Pour mieux comprendre la réponse qui peut paraître complexe, l’image du conducteur
automobile paraît la mieux adaptée. De fait, le chef d’entreprise doit contrôler ses rétroviseurs
tout en maintenant son attention sur la route devant lui.
Dans ses rétroviseurs, il constate que le bâtiment connaît une crise plus profonde et plus
durable que les précédentes. Amorcée il y a huit ans, elle n’a pas encore atteint son terme. En
effet, du côté du logement neuf, le bilan des sept premiers mois de 2015, rapportés aux mêmes
mois de 2014, affiche des reculs de 7,9 % pour les autorisations et 5,8 % pour les mises en
chantier. Si la tendance se confirme, l’année en cours se soldera par 334 000 logements
commencés contre 355 000 en 2014. Du côté du non-résidentiel neuf, l’orientation ressort
moins bonne encore avec -11,8 % et -11,7 % pour les surfaces de plancher autorisées et
commencées, hors hôtellerie et locaux agricoles.
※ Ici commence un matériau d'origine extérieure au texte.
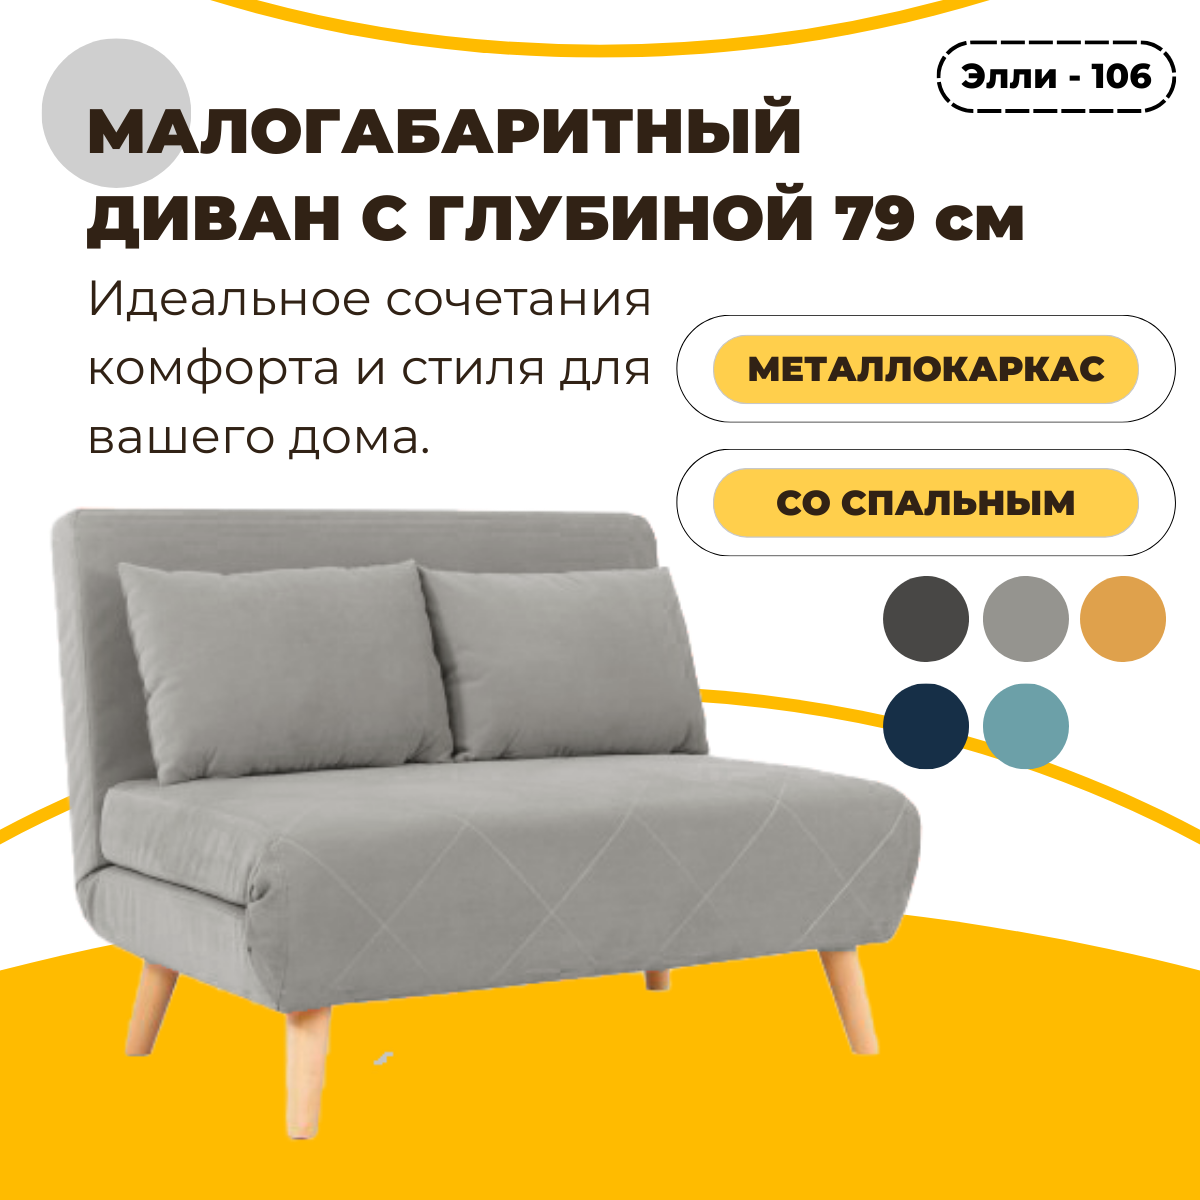 Малогабаритный диван-кровать Элли - 106 с глубиной 79 см, механизм улитка, ткань велюр, регулируемая спинка, диван на кухню, диван на балкон, диван в гостинную, диван в студию
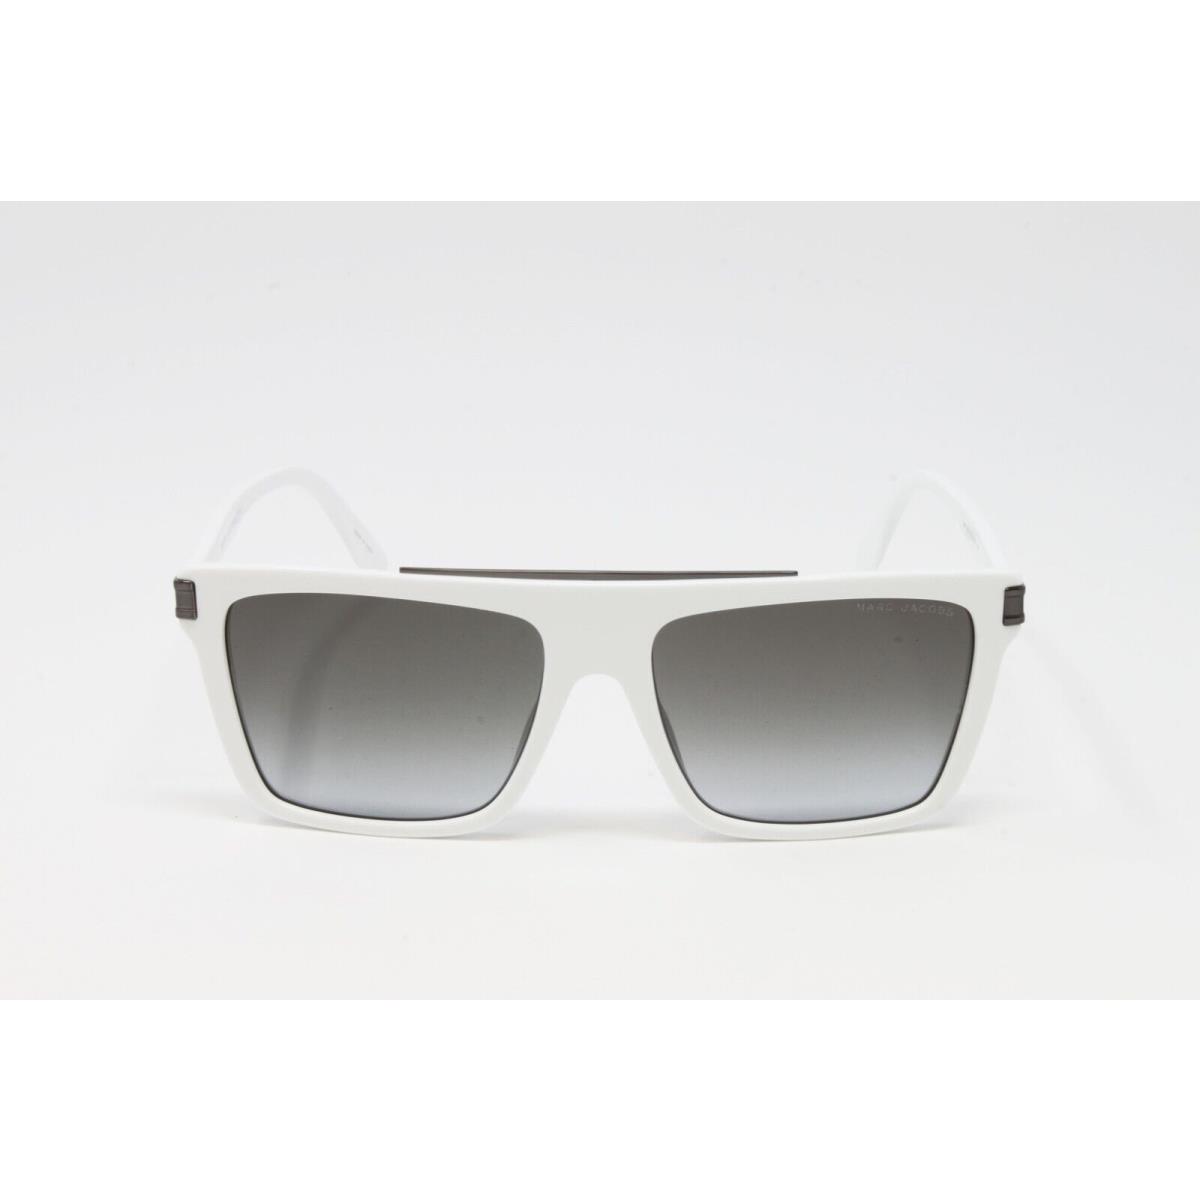 Marc Jacobs sunglasses  - White Frame, Gray Lens 2

On peut même qualifier de chute vertigineuse
les évolutions relevées pour les bâtiments administratifs, dont les permis et ouvertures de
chantier baissent respectivement de 16,7 % et 22,1 %. Les locaux commerciaux suivent de
près, avec -8,8 % et -23,2 %. Quant au marché de l’amélioration-entretien, les évolutions
demeurent clairement baissières.
Avec un tel freinage, les entreprises n’ont pu que rétrograder. De fait, en termes d’emploi, le
premier semestre affiche le plus mauvais score enregistré depuis l’entrée dans la Grande
récession de 2008 : avec l’intérim en équivalents temps plein, 44 600 postes de travail ont été
perdus entre les premiers semestres 2014 et 2015, soit -3,8 %. Quant aux défaillances
d’entreprises du bâtiment, malgré une nette baisse au deuxième trimestre, elles progressent
encore de 2,4 % en glissement annuel sur l’ensemble du premier semestre 2015.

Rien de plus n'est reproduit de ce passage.